# Opus 6mg e liquid..



## kOekIes (14/9/15)

So not that experienced in vaping yet.. Only been vaping for about 6 months. Currently using joyetech ego one mega atty and battery with clr coils built at 0.5ohm. Trying out different brands of juice trying to find my favourite. Get all my stuff from a eciggies agent in p.e. Because I don't onoe of any other vapeshops here and want to try the oplus flavours... Anyone tried it before??


----------



## Andre (14/9/15)

To low in mg for me. See it is a Chinese brand. Let us know how you find it should you decide to try.


----------



## kOekIes (14/9/15)

Andre said:


> To low in mg for me. See it is a Chinese brand. Let us know how you find it should you decide to try.


Will do.. I have been vaping 12-18mg.. But im chasing bigger clouds now and not just vaping for my nic fix.. So thats why im going lower in mg


----------



## kOekIes (17/9/15)

Andre said:


> To low in mg for me. See it is a Chinese brand. Let us know how you find it should you decide to try.

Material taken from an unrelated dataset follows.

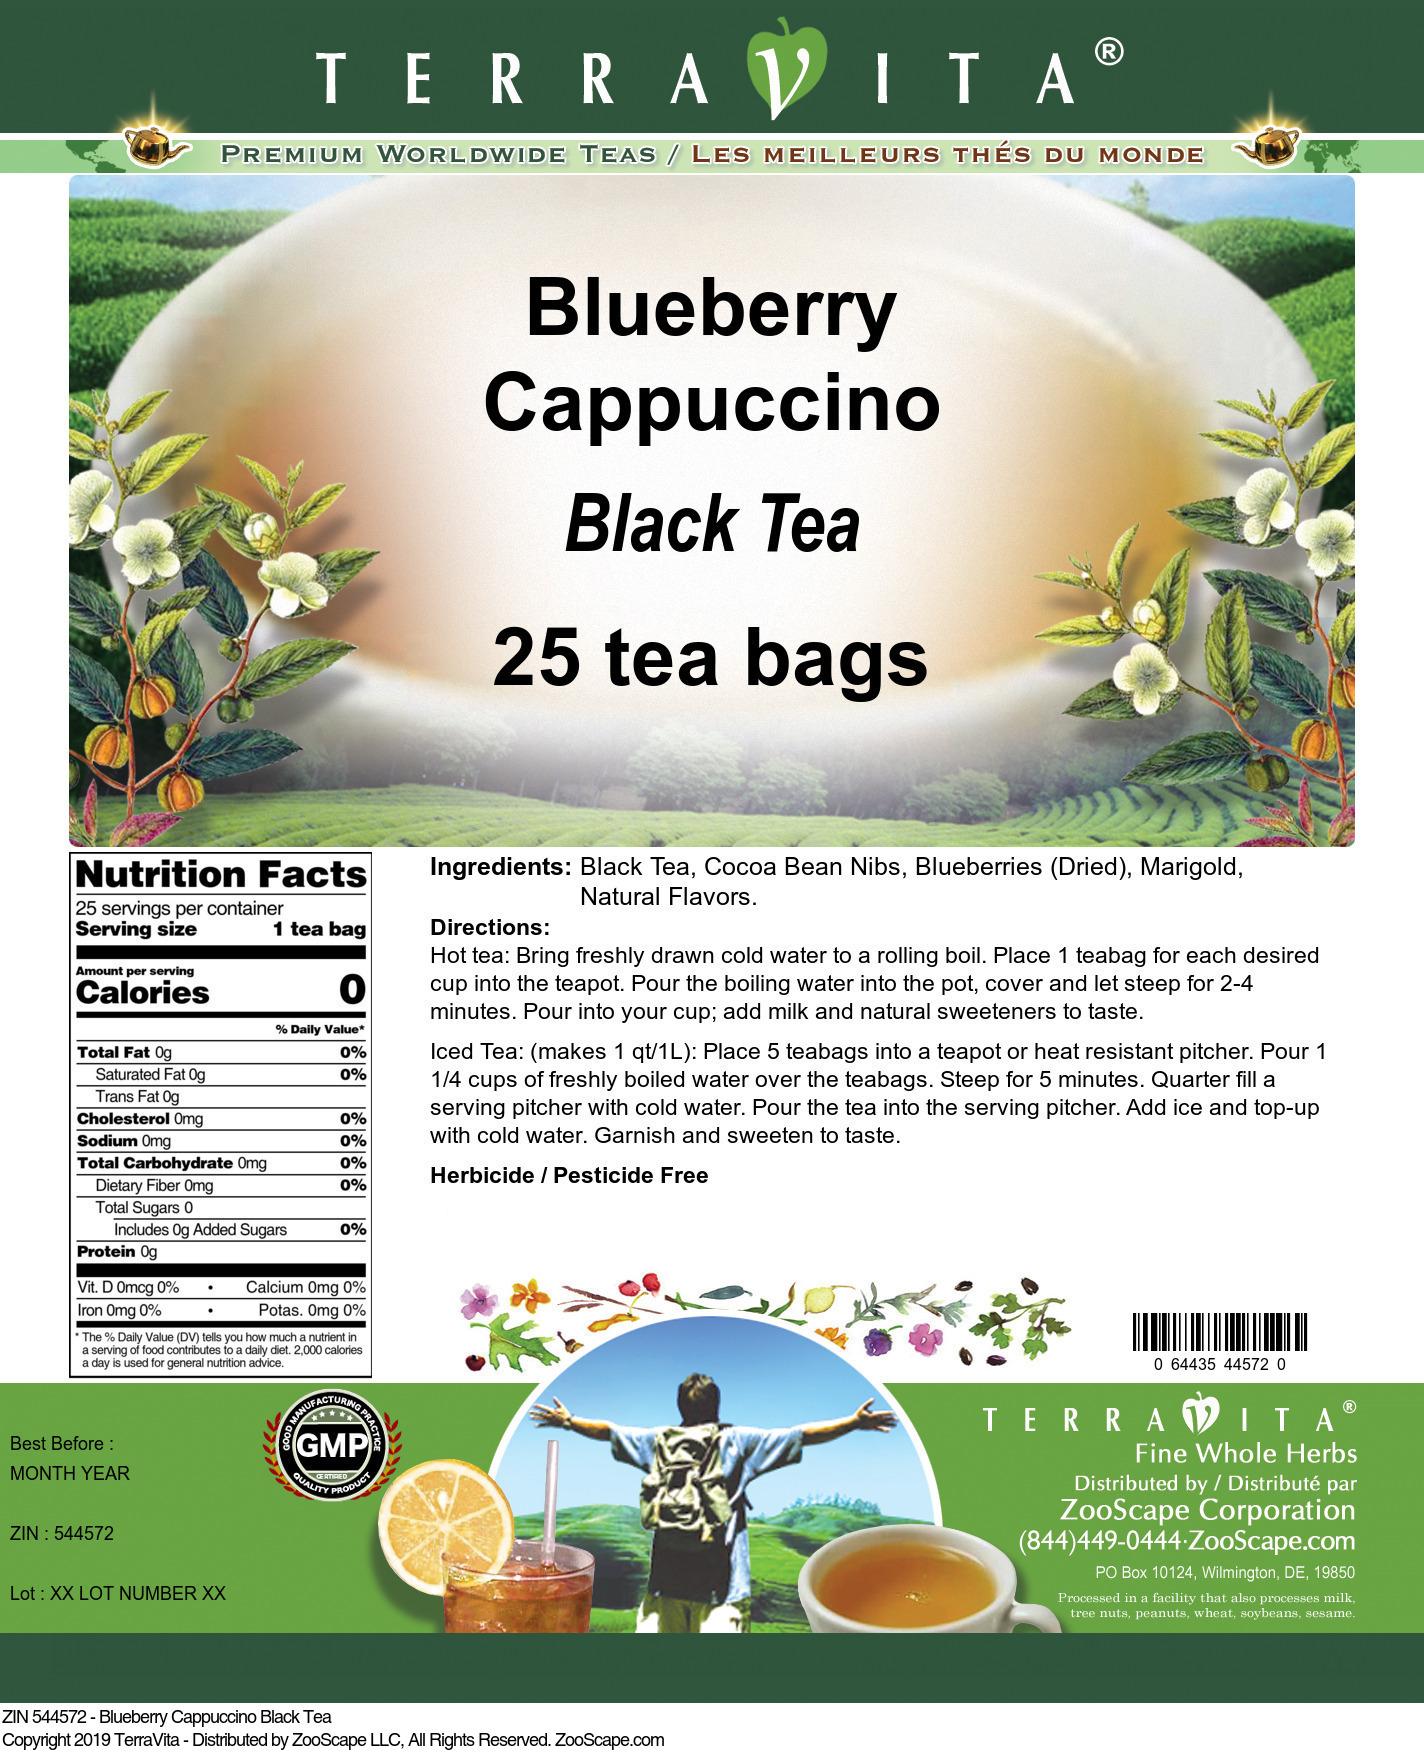 Blueberry Cappuccino Black Tea

Bro.. Best flav I have had to date... 70/40 vg/pg... And streaming it with my new evic vt at 60w I make mega clouds and get my nic fix!!

Reactions: Like 1


----------



## Andre (17/9/15)

kOekIes said:


> Bro.. Best flav I have had to date... 70/40 vg/pg... And streaming it with my new evic vt at 60w I make mega clouds and get my nic fix!!


Great stuff. Which flavour(s) did you get?


----------



## kOekIes (17/9/15)

Andre said:


> Great stuff. Which flavour(s) did you get?

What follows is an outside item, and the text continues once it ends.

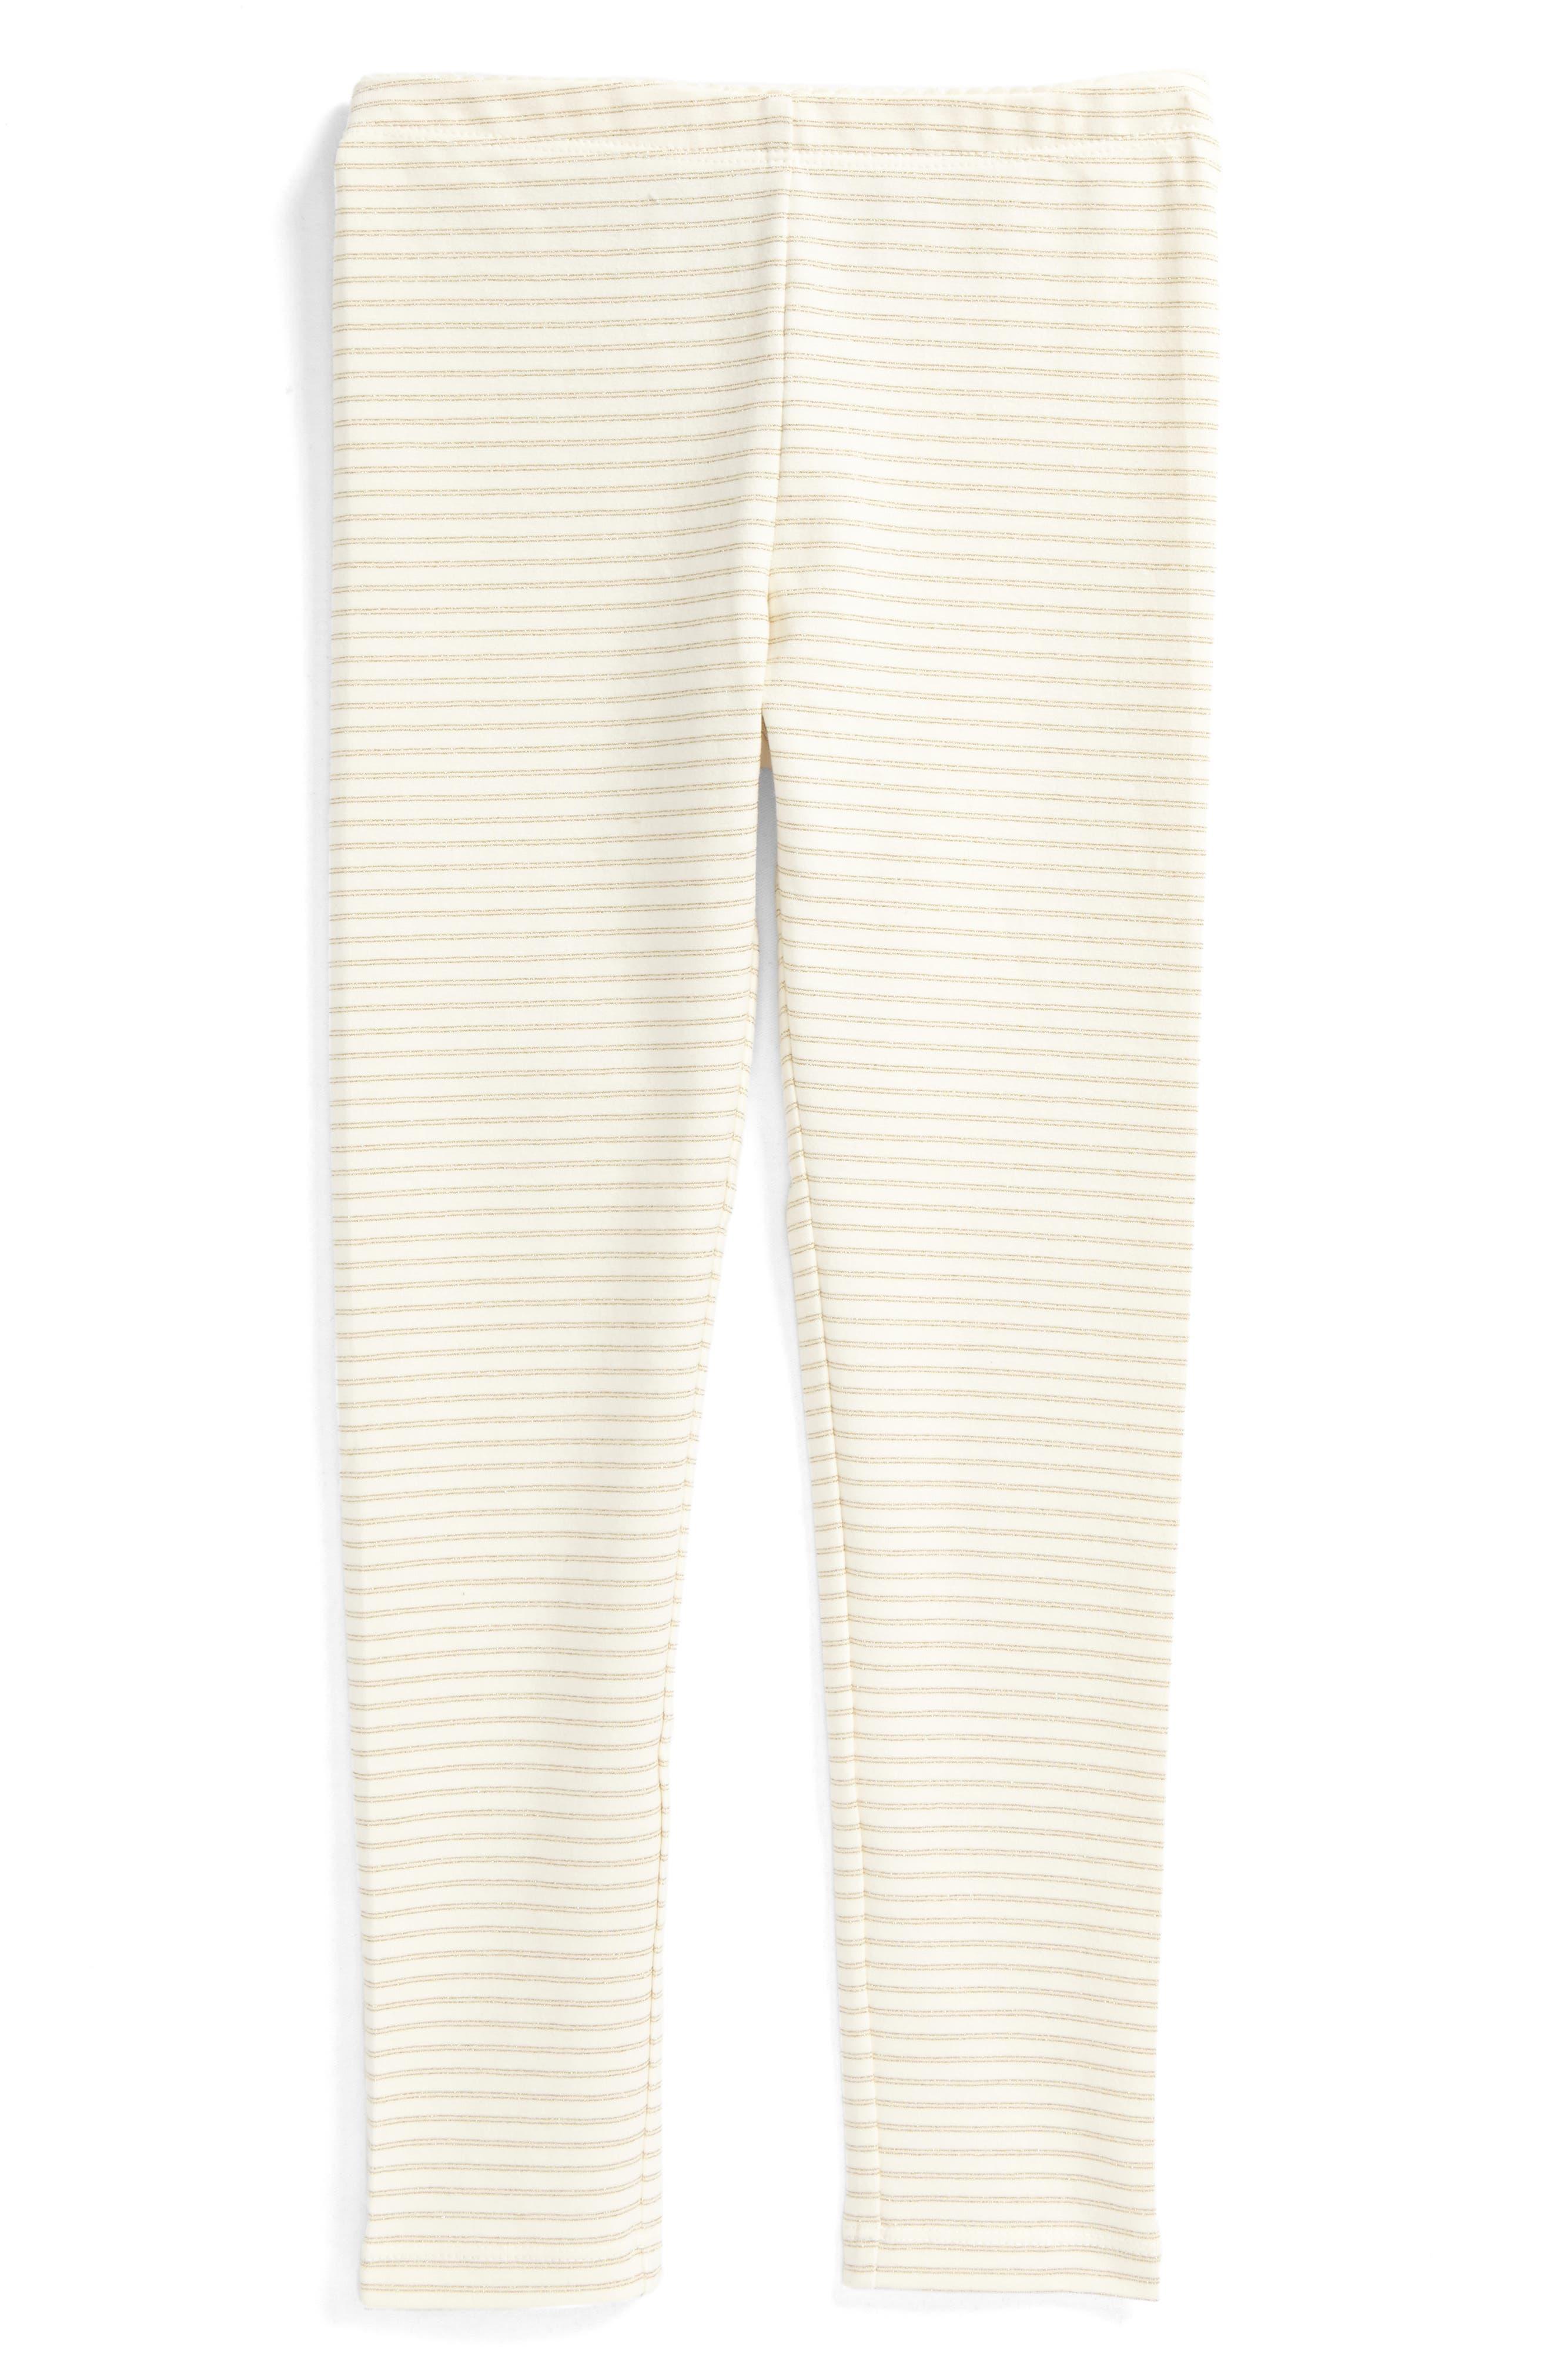 Alternate Image 1 Selected - Tea Collection Sparkle Stripe Leggings (Toddler Girls, Little Girls & Big Girls)

i got the pacific rim and the yellow sub.

http://eciggies.co.za/e-Liquidz/OPLUS-NICKNAK-30ml-6mg/OPLUS-PACIFIC-RIM-30ml-6mg
http://eciggies.co.za/e-Liquidz/OPLUS-NICKNAK-30ml-6mg/OPLUS-YELLOW-SUB-30ml-6mg

THe yellow sub tastes just like blue mix hubly flavour if you ever smoked hub. its really awesome.. and for the price... its even beter...

Reactions: Thanks 1


----------